> [Task statement]: Omit every picture and return the rest of the data unaltered.

> [Source material]:
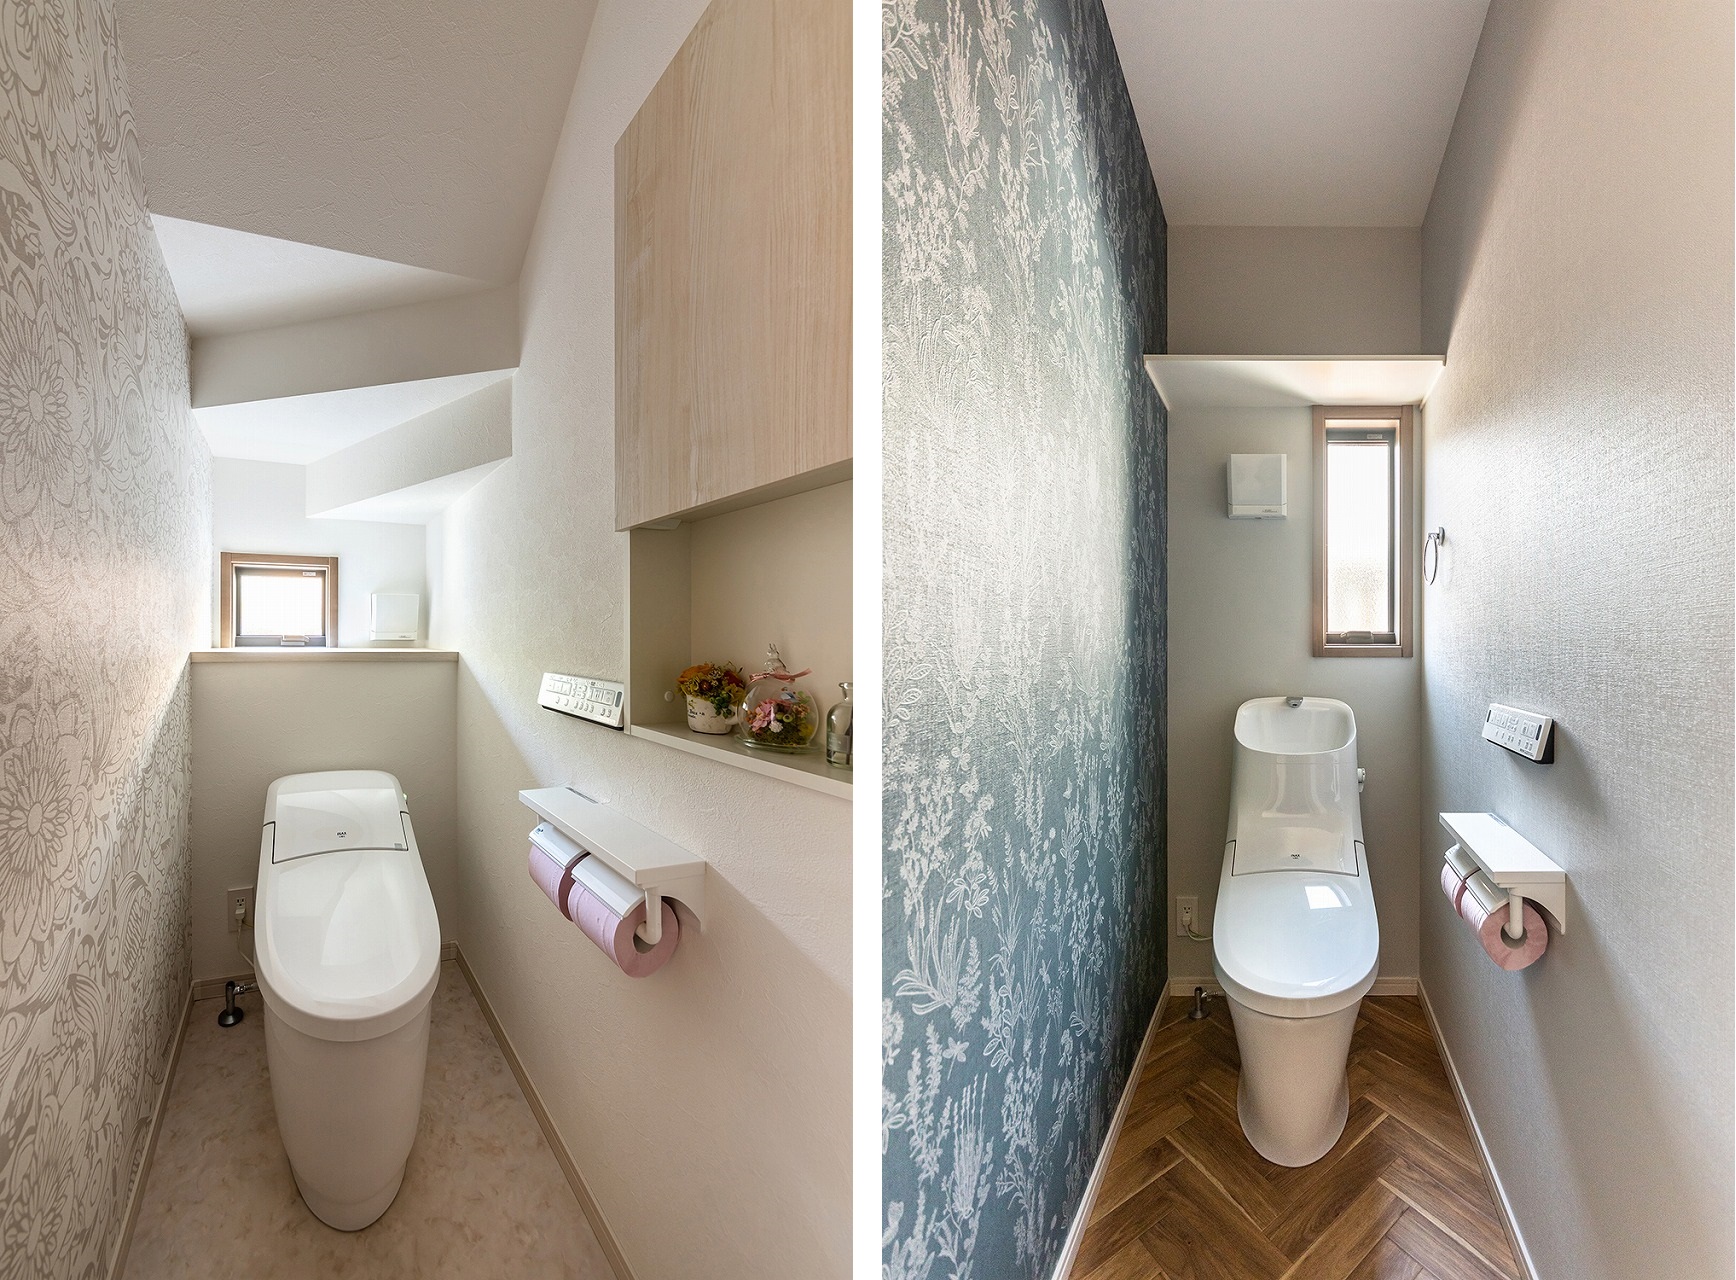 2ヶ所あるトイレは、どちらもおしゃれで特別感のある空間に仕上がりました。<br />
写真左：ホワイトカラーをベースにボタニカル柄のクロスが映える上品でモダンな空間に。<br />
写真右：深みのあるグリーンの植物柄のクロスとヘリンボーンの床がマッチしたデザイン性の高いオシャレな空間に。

> [The completed task]:
 2ヶ所あるトイレは、どちらもおしゃれで特別感のある空間に仕上がりました。<br />
写真左：ホワイトカラーをベースにボタニカル柄のクロスが映える上品でモダンな空間に。<br />
写真右：深みのあるグリーンの植物柄のクロスとヘリンボーンの床がマッチしたデザイン性の高いオシャレな空間に。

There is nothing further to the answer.